To address the issue of identity fraud, some parties have advocated moving from information-based authentication to these “strong” or “hardened” two-factor authentication system which requires the consumer to carry a unique physical device. This approach results in great cost to the organization and an unacceptable burden on the consumer. Even in cases where the hardened authentication systems utilize a scheme that a financial institution may deem secure at an acceptable cost, those systems don't address the consumer's need for convenience, nor the need to maintain privacy and integrity of the consumer's personal data.
Nevertheless, the declining cost of technology hardware has improved financial institutions' acceptance of hardened authentication systems. However, the issue of consumer adoption is more complicated. Consumers may be willing or able to carry a device to record and track identifying information and/or account information required by one financial institution, but are typically unwilling to carry multiple devices, one for each of the financial institutions, banks, merchants, healthcare providers, and governmental entities with whom they transact business.
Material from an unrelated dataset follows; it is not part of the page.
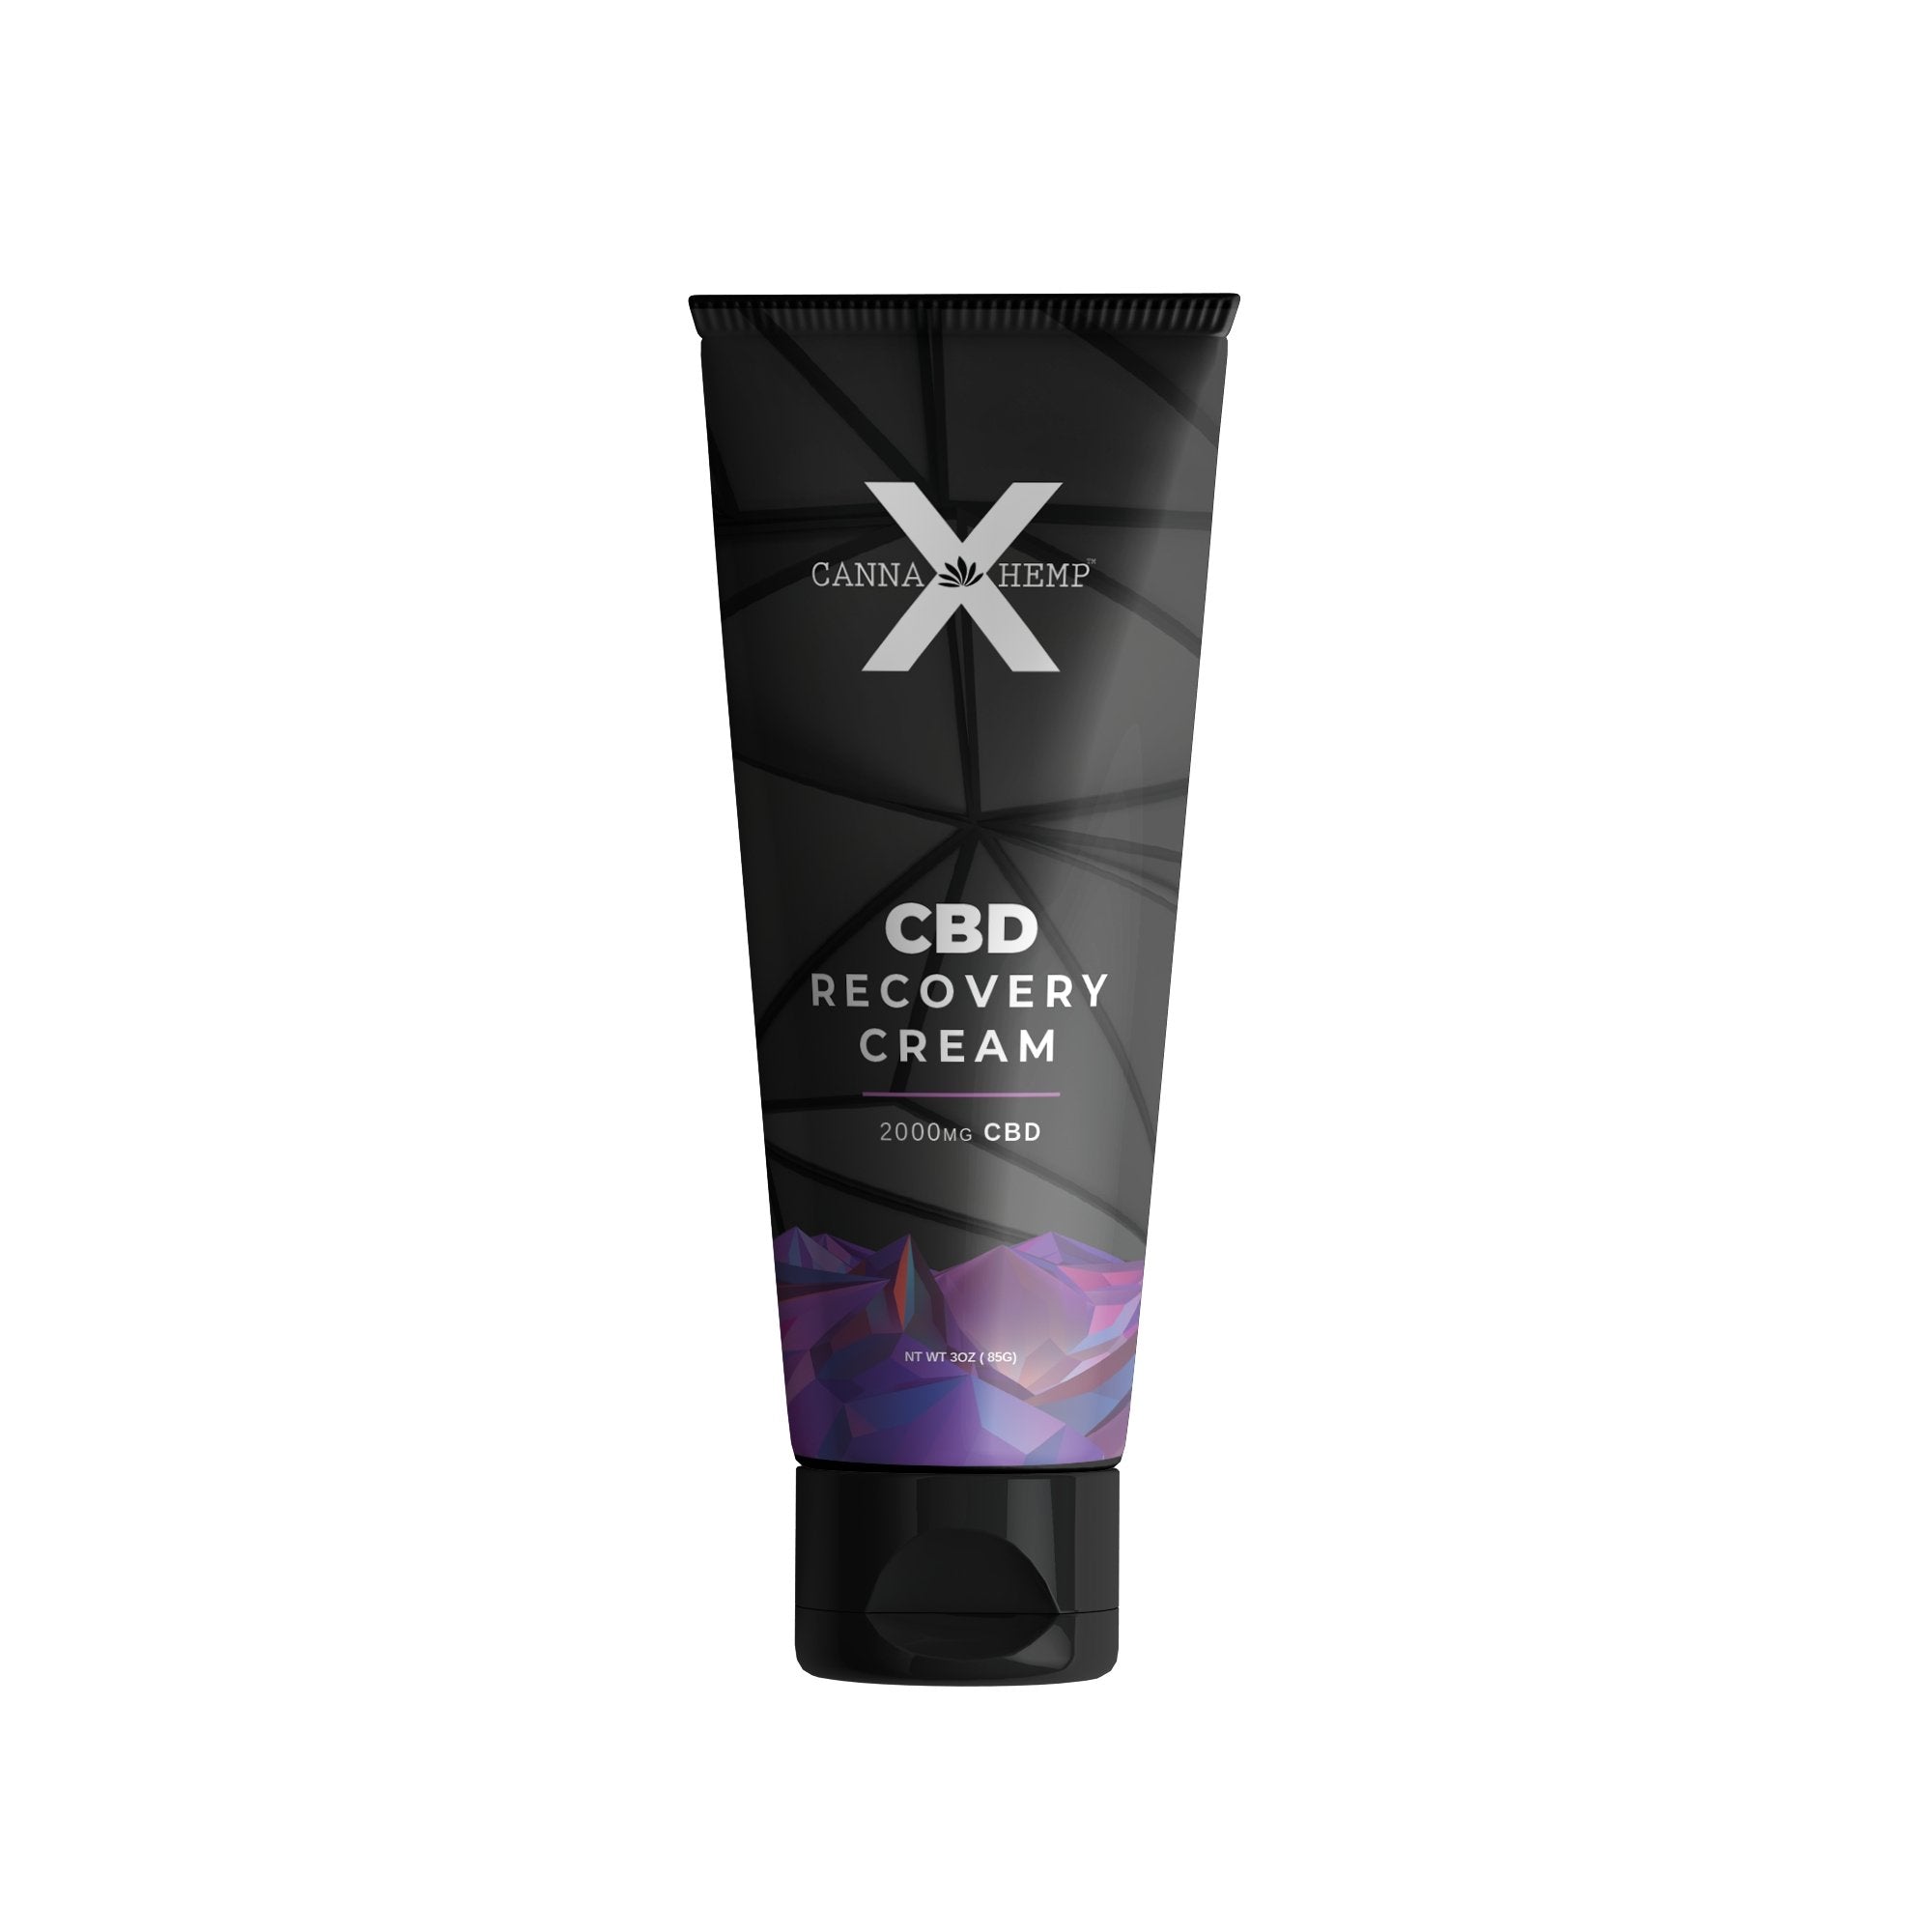 CBD Canna Hemp X Recovery Cream 2000mg Best Price

Consequently, consumers desire a single strong authentication mechanism that can be used by any of the organizations requiring the consumers identifying information. Moreover, consumers desire a scheme that operates consistently across all commercial transaction environments, whether on-line, over the phone or face-to-face.
There is a need, therefore, for a method and system that prevents fraud using a consumer's identifying information before, during and after a transaction. More specifically, the method and system must address new account fraud, account take-over fraud, payment fraud and general unauthorized access to sensitive personal information. There is also a need for a method and system that assists in the recovery process should identity theft occur. Such a system will be useful for a variety of organizations. For example, the prevention of new account fraud can be further used to minimize employment fraud and the prevention of payment fraud can also be further used to prevent fraudulent health-care insurance claims.
There is also a need for a system which is highly immune to identity fraud attacks. Ideally, such a system would employ multiple security factors, as well as multiple bands of communication prior to authenticating an individual. Such a multi-factor, multi-band system would present a significant technical obstacle for the fraudster to overcome.
There is also a need for a method and system that builds on the rigorous authentication processes that occur when an individual subscribes to, or applies for, credit-based accounts. Such a system will be useful for establishing new relationships with organizations and individuals.
There is a further need for a method and system that protects a consumer's credit file and credit scores by enabling creditors to authenticate new credit accounts prior to opening such accounts in a consumer's name. This provides the consumer with control over the consumer's personal credit not only with conventional creditors, but also from other users of credit files, including insurance and healthcare organizations and potential employers.